• _Task directions_: Starting at the line that contains "Studio Yoga Crescent", retype each line to the end of the listing below. Include both ends, but not the pictures.

• _Data provided_:
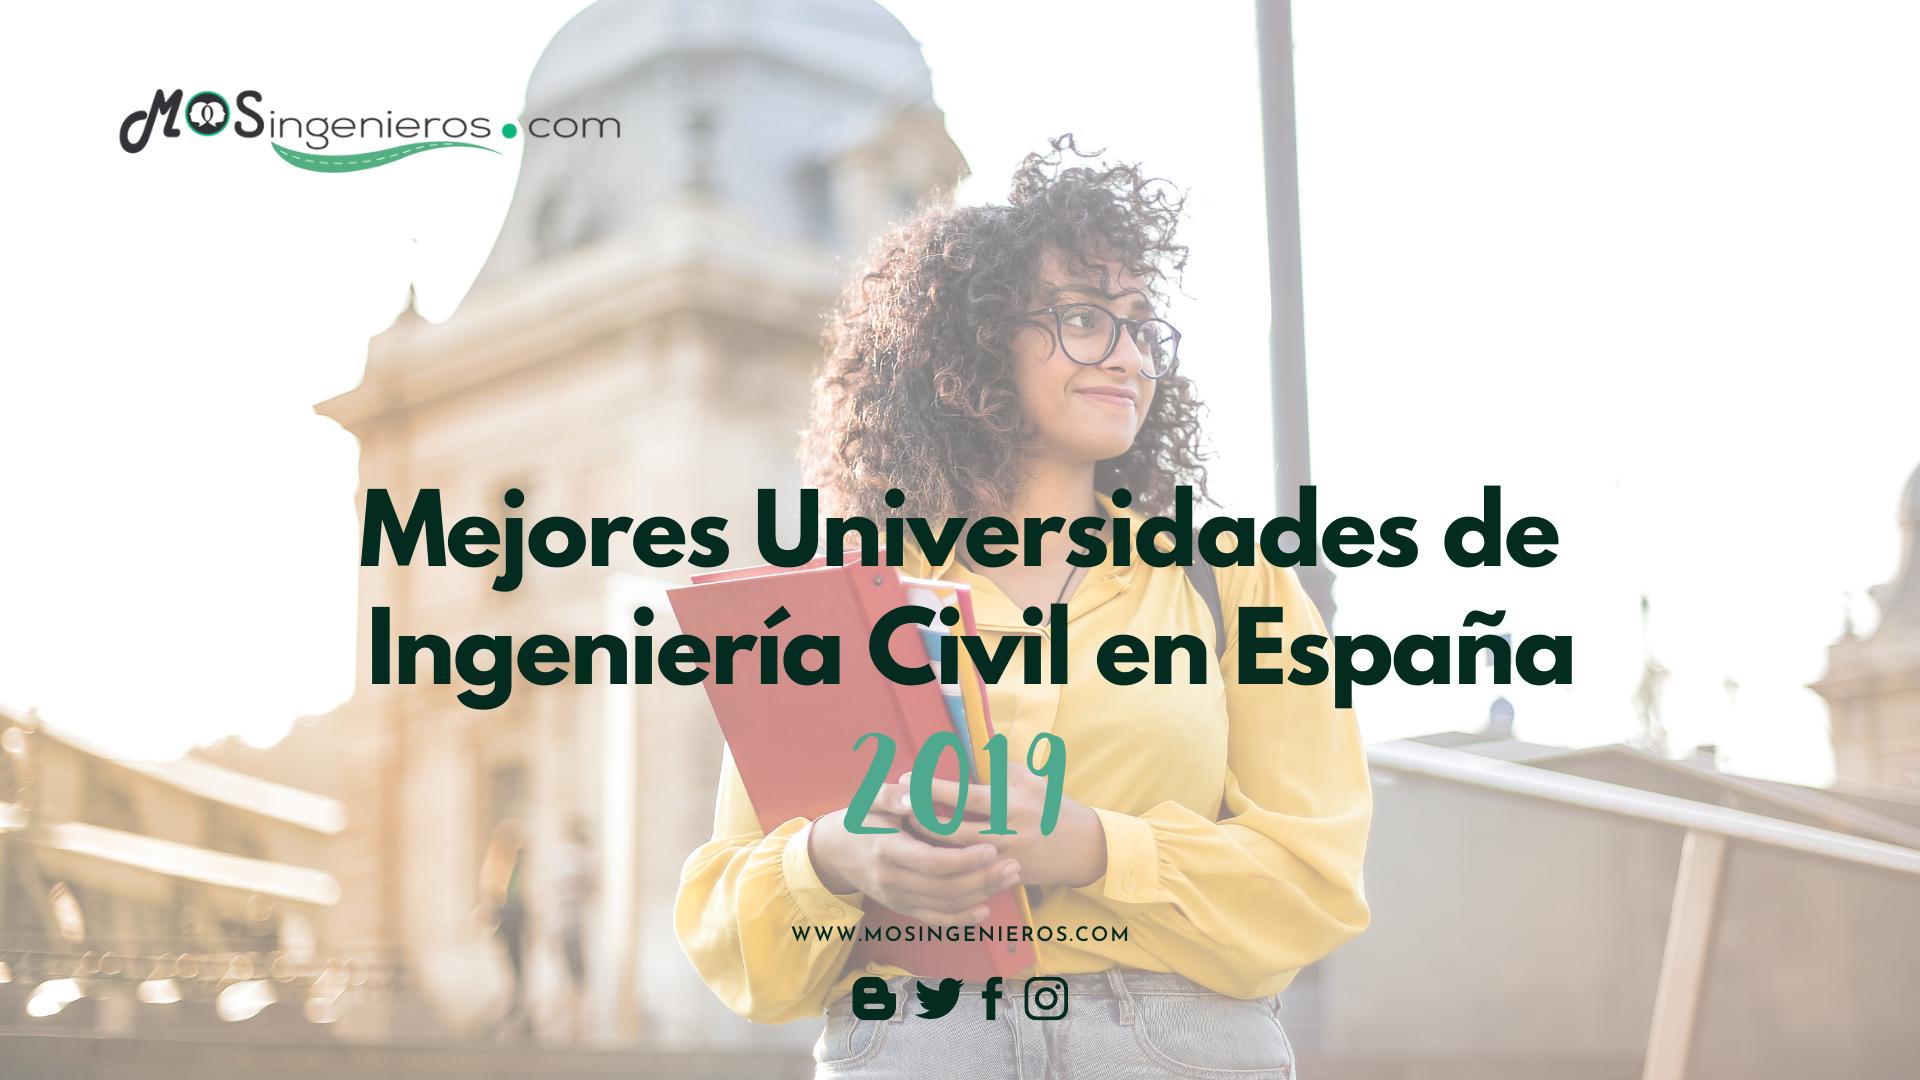 mejores universidades de ingenieria civil
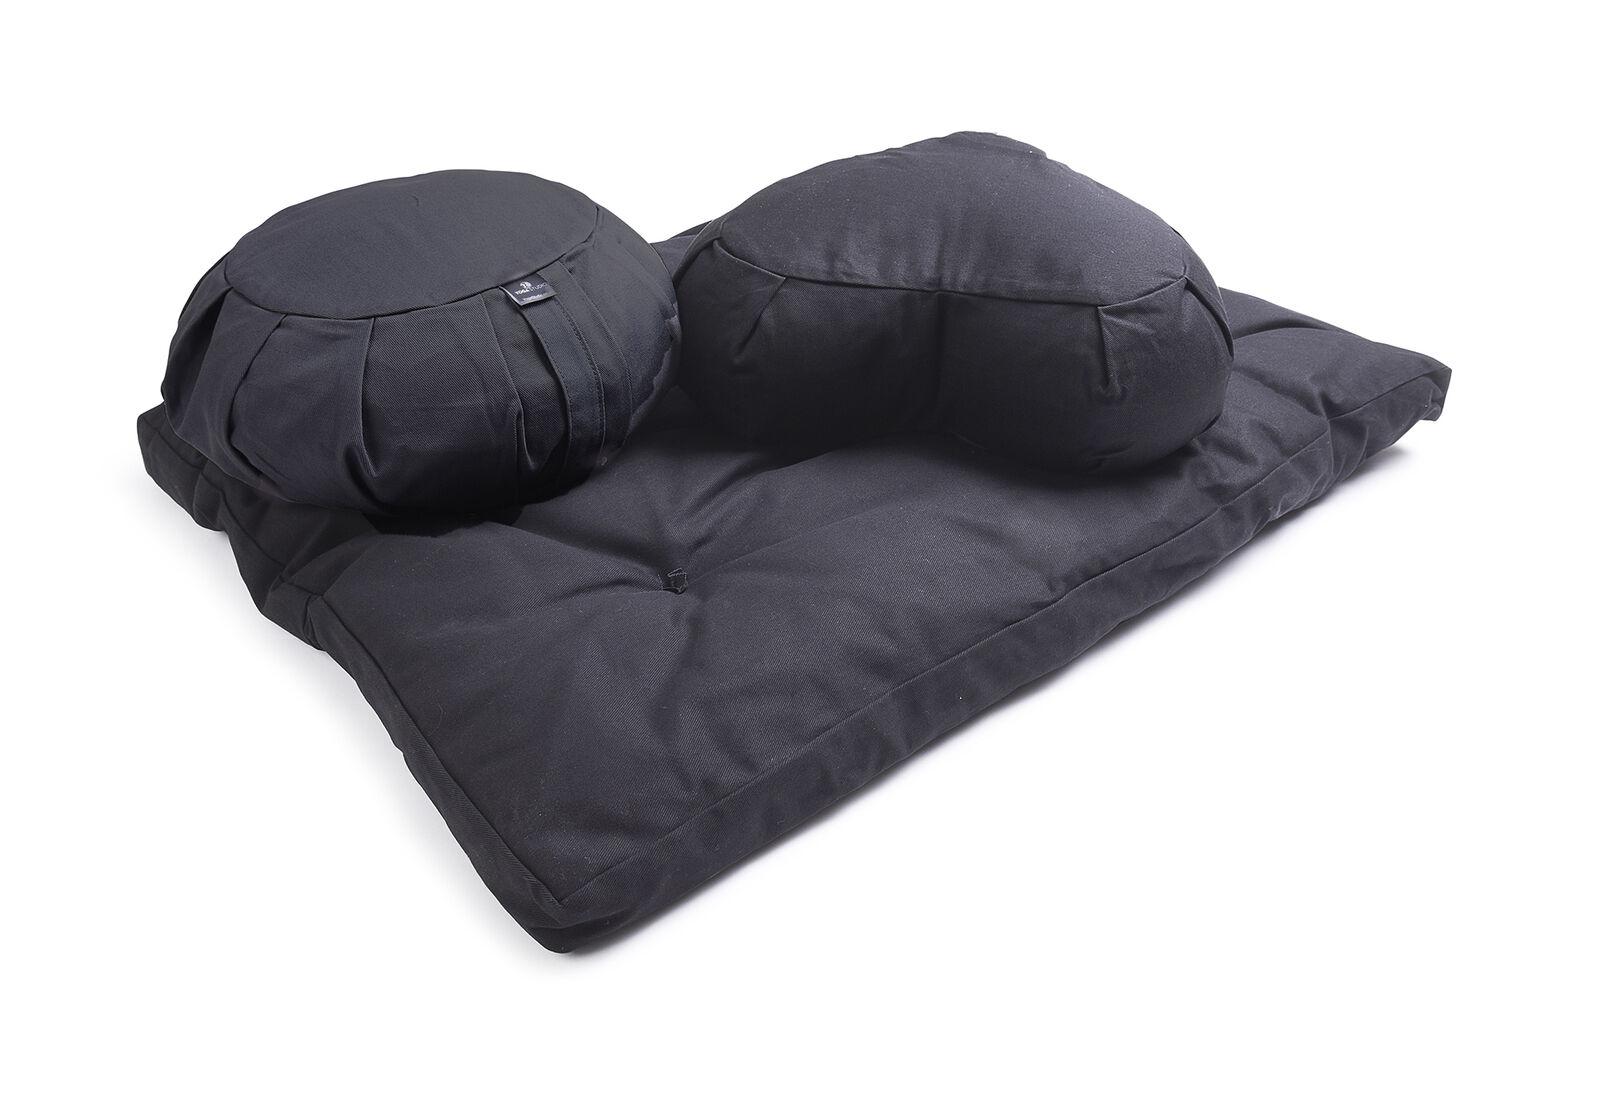 Studio Yoga Crescent EU Organic Zabuton, Crescent Yoga e Kit per cuscino rotondo 0e22d0
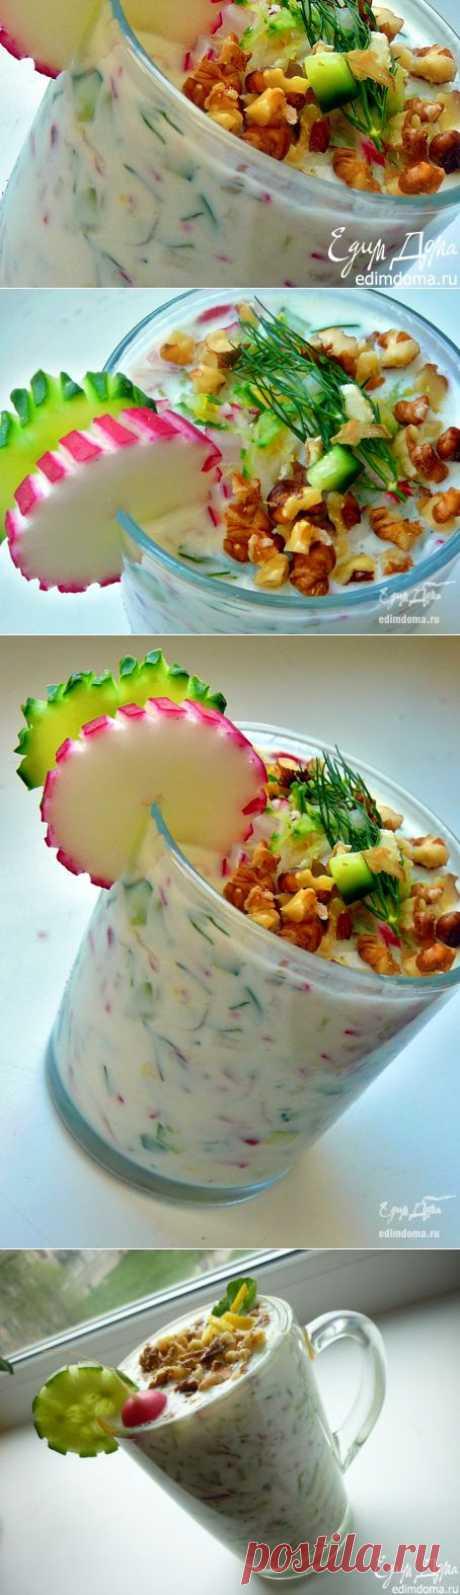 Летний, холодный, йогуртовый суп | Кулинарные рецепты от «Едим дома!»

• _Result of this exercise_:
 Studio Yoga Crescent EU Organic Zabuton, Crescent Yoga e Kit per cuscino rotondo 0e22d0
 Летний, холодный, йогуртовый суп | Кулинарные рецепты от «Едим дома!»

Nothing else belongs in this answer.